My year has taken a sharp, unexpected turn.  In my planning for a year where I solve my trajectory problems, it seems the universe decided I should first deal with my past.  This is not necessarily a bad thing, except that most of my unresolved issues from the past involve either large sums of money or large sums of emotional stress.  Dealing with my past is a much bigger burden than running from it, and I suppose it is time for me to tighten the belt, as they say.  
 
Honestly, I was focused on the injustice of it all.  I had made up my mind that involving people in my life was the primary cause of my stress.  I was angry with people in my past for their lack of obligation to my family, for their lies, for their deception and for the fact that they were off living stable, sustainable lives while I was left to clean up the mess.  Financial struggles are a strange animal.  Some days I feel I can’t breathe and that I am moments away from having everything taken from me.  Other days, I really just don’t care anymore.  Instead of cowering, I strut around with this bold, cavalier attitude of, “Come get me assholes!  Take it all and relieve me of the worry!”  There seems to be no middle road for my feelings toward debt.

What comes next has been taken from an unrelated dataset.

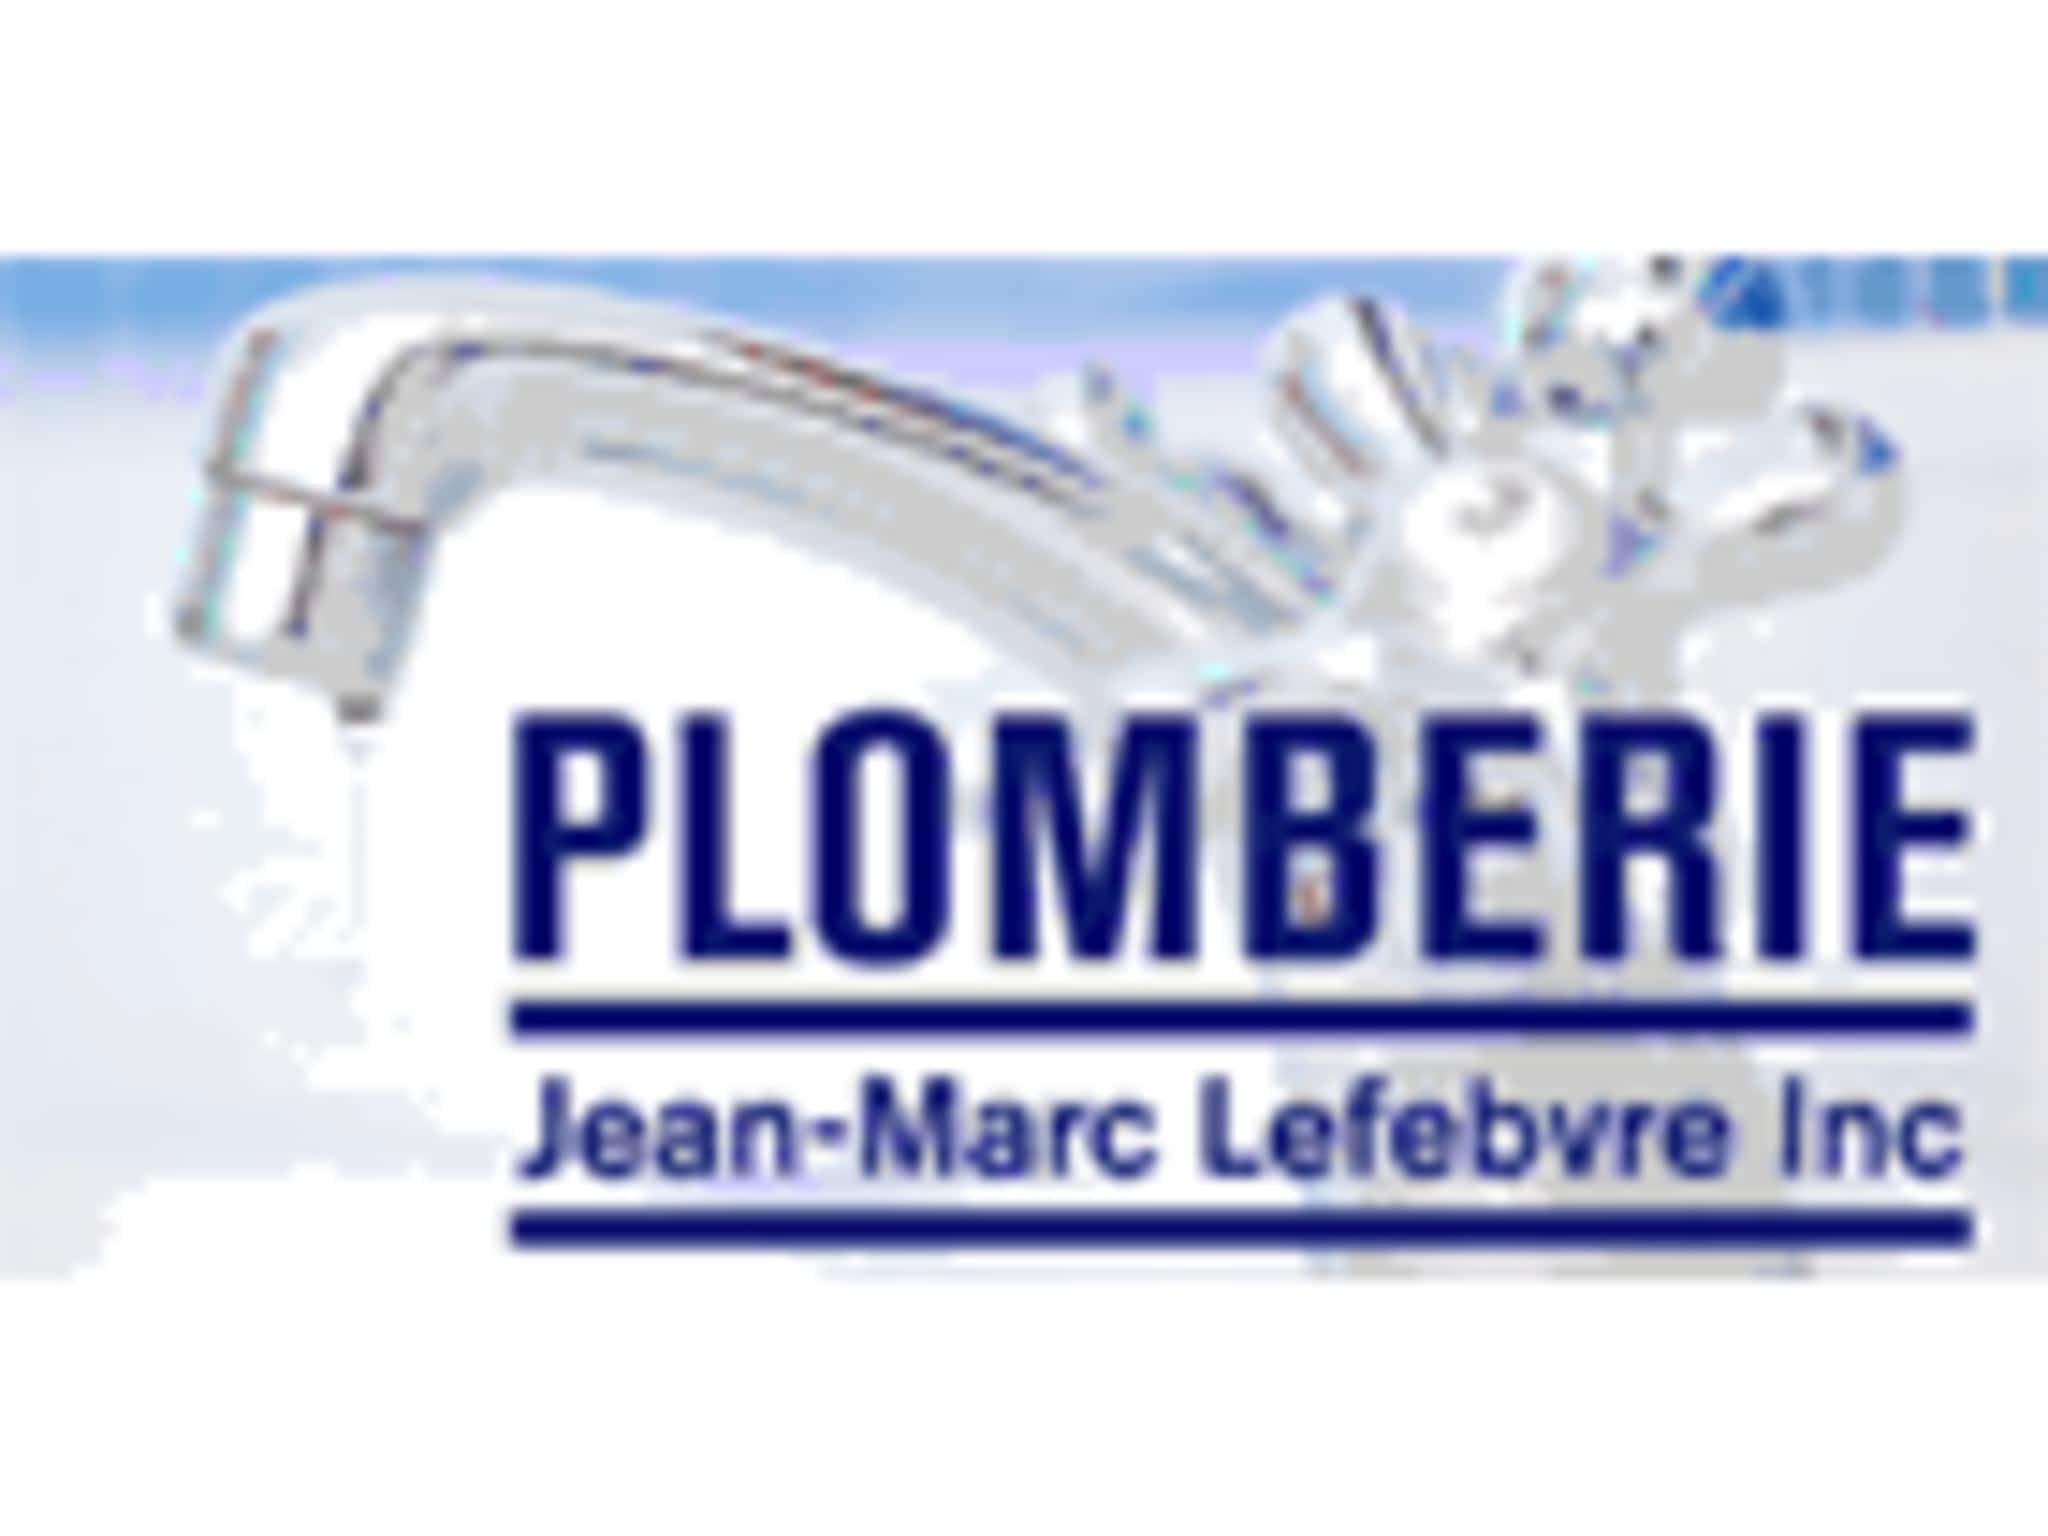 photo Plomberie Chauffage Jean-Marc Lefebvre Inc

I spent a few informative hours with my good friends last weekend after a very full week of family holiday visits and travel.  We discussed a paralyzing fear that intermittently stonewalls my daily functioning, usually after a traumatic experience.  The trigger event, this time, was a dirty jerk on vacation who decided I should be followed and called like some kind of animal.  The event was frightening beyond any I had experienced in many years, thus opening up a black jar in my mind where I had stashed the pain of my past.  Though black jars are effective for hiding pain from the minds eye, the pain is never properly sorted.  Frightening encounters that creep into my solitude, wearing familiar colors and scents, can break open the black jar.  The ensuing battle is an emotional armageddon.

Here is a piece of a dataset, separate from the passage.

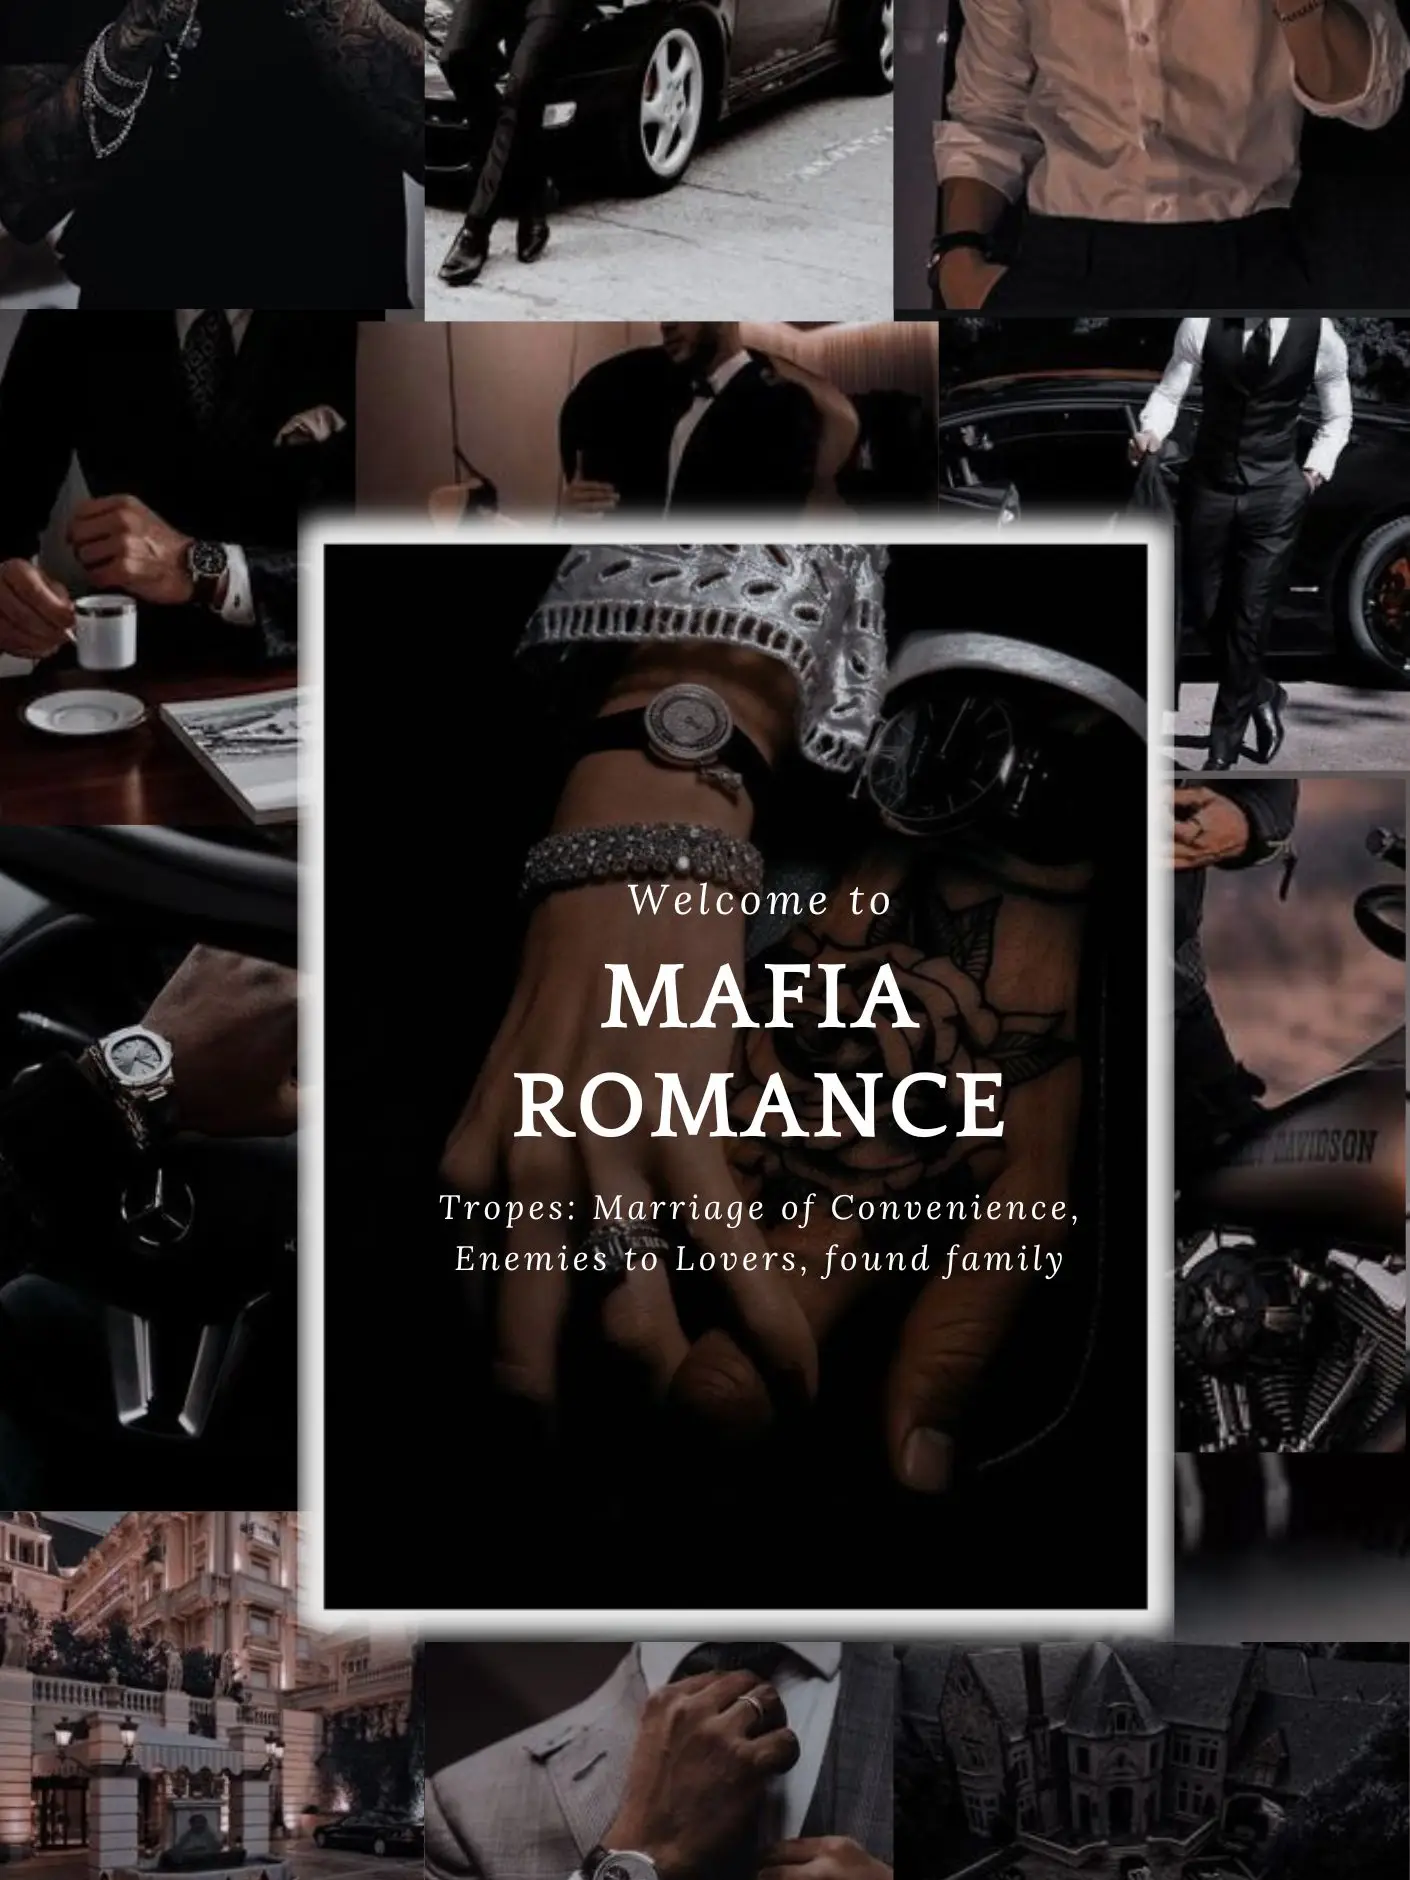 Mafia romance trope wallpaper free

The final catalyst is this underlying urge to journey west.  Since leaving LA a year ago, I cannot seem to think of anything else.  My body is slowly consumed by this desire to live in the bustling city of arts, film and creativity.  Out west, the shore sings in pleasant keys, the ground vibrates in even tones and all of this is in total synchronicity with my own biorhythmic symphony.  Much like the albatross, I was once queen of the sky, until I crashed landed, breaking my wing.  As a bird who broke her wing long ago, I have not yet harnessed the idea that I could fly again, if I would only trust my feet to leave the ground.
 
With collection calls 10 to 15 times a day, funds falling short of day to day living costs, broken black jars and wrought with a desire to fly again, it is no wonder that I relapsed through night terrors this past week.  I think even people of the neurotypical variety would struggle to press together all these layers into a coherent fabric.  All I am trying to do is set my children up for the adventurous life they deserve and to avoid a life where I die alone.